1. Completing the square

Hello,

I'm having problems with completing the square can anyone comment on my working?

2x^2 - 3x -1 = 0

2(x -3/4)^2 -(-3/4)^2 - 1/2 = 0

2(x - 3/4)^2 -17/16 =0

2(x - 3/4)^2 = 17/16

(x - 3/4)^2 = 17/32

x - 3/4 = +-√17/32

x = 3/4 +-√17/32

2. Originally Posted by Mouseman
Hello,

I'm having problems with completing the square can anyone comment on my working?

2x^2 - 3x -1 = 0

2(x -3/4)^2 -(-3/4)^2 - 1/2 = 0

2(x - 3/4)^2 -17/16 =0

2(x - 3/4)^2 = 17/16

(x - 3/4)^2 = 17/32

x - 3/4 = +-√17/32

x = 3/4 +-√17/32

2x^2 - 3x = 1

x^2 - (3/2)x = 1/2

(x - 3/4)^2 - 9/16 = 1/2

x - 3/4 = +-sqrt(17/16)

x = 3/4 +-sqrt(17/16)

3. Thank you very much!

4. Originally Posted by sean.1986
2x^2 - 3x = 1

x^2 - (3/2)x = 1/2

(x - 3/4)^2 - 9/16 = 1/2

x - 3/4 = +-sqrt(17/16)

x = 3/4 +-sqrt(17/16)
The answer is to be x = 3/4 +- √17/4

I can't see where I am going wrong.

5. When completing the square, just use the general formula.

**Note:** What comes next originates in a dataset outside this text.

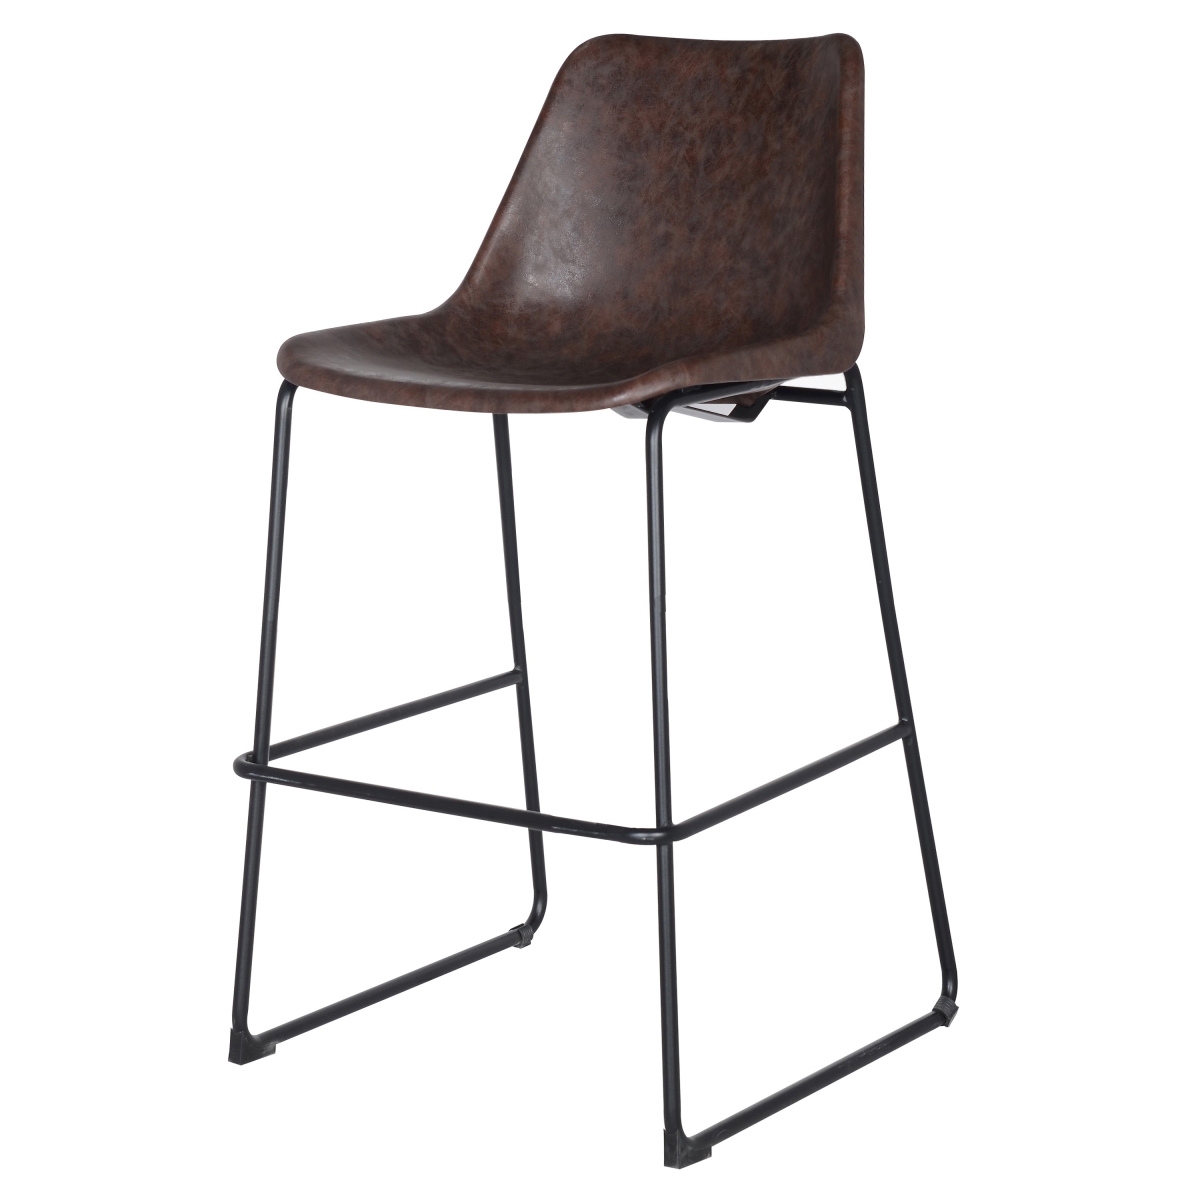 9300022-238 Delta Polyurethane Leather Abs Counter Stool, Vintage Coffee Brown

$a(x+\frac{b}{2a})^{2}+c-\frac{b^{2}}{4a}$

Plug in a,b,c and you're set.

6. Second attempt

2x^2 - 3x -1 = 0

2(x -3/4)^2 -(-3/4)^2 - 1/2 = 0

2((x - 3/4)^2) -17/8 =0

2(x - 3/4)^2 = 17/8

(x - 3/4)^2 = 17/16

x - 3/4 = +-√17/16

x = 3/4 +-√17/16

Is my teacher wrong in stating that it is x = 3/4 +-√17/4?

7. Just to add my 2 cents......

$2x^2-3x-1=0$

1. First transpose the -1 to the right side of the equation.

$2x^2-3x=1$

2. Divide each term by 2

$x^2-\frac{3}{2}x=\frac{1}{2}$

3. Take half of the coefficient of x, square it and add it to both sides.

$x^2-\frac{3}{2}x+(\frac{3}{4})^2=\frac{1}{2}+\frac{9}{ 16}$

4. Noting the perfect square trinomial on the left:

$(x-\frac{3}{4})^2=\frac{17}{16}$

5. Take the square root of both sides:

$x-\frac{3}{4}=\pm\sqrt\frac{17}{16}$

6. Finally,

$x=\frac{3}{4}\pm\frac{\sqrt17}{4}$

$x=\frac{3\pm\sqrt17}{4}$

8. Hello,

Originally Posted by Mouseman
Second attempt

2x^2 - 3x -1 = 0

2(x -3/4)^2 -(-3/4)^2 - 1/2 = 0

2((x - 3/4)^2) -17/8 =0

2(x - 3/4)^2 = 17/8

(x - 3/4)^2 = 17/16

x - 3/4 = +-√17/16

x = 3/4 +-√17/16

Is my teacher wrong in stating that it is x = 3/4 +-√17/4?
Note that $16=4^2$

Therefore, $\sqrt{16}=4$, and this yields the result your teacher gave you

9. Yeah it's just a question of bracketing or simplifying.

sqrt (a/b) = sqrt(a) / sqrt(b)

so sqrt(17/16) = sqrt(17) / sqrt(16) = sqrt(17) / 4

Both answers are correct but I guess I should've simplified. Sorry mate!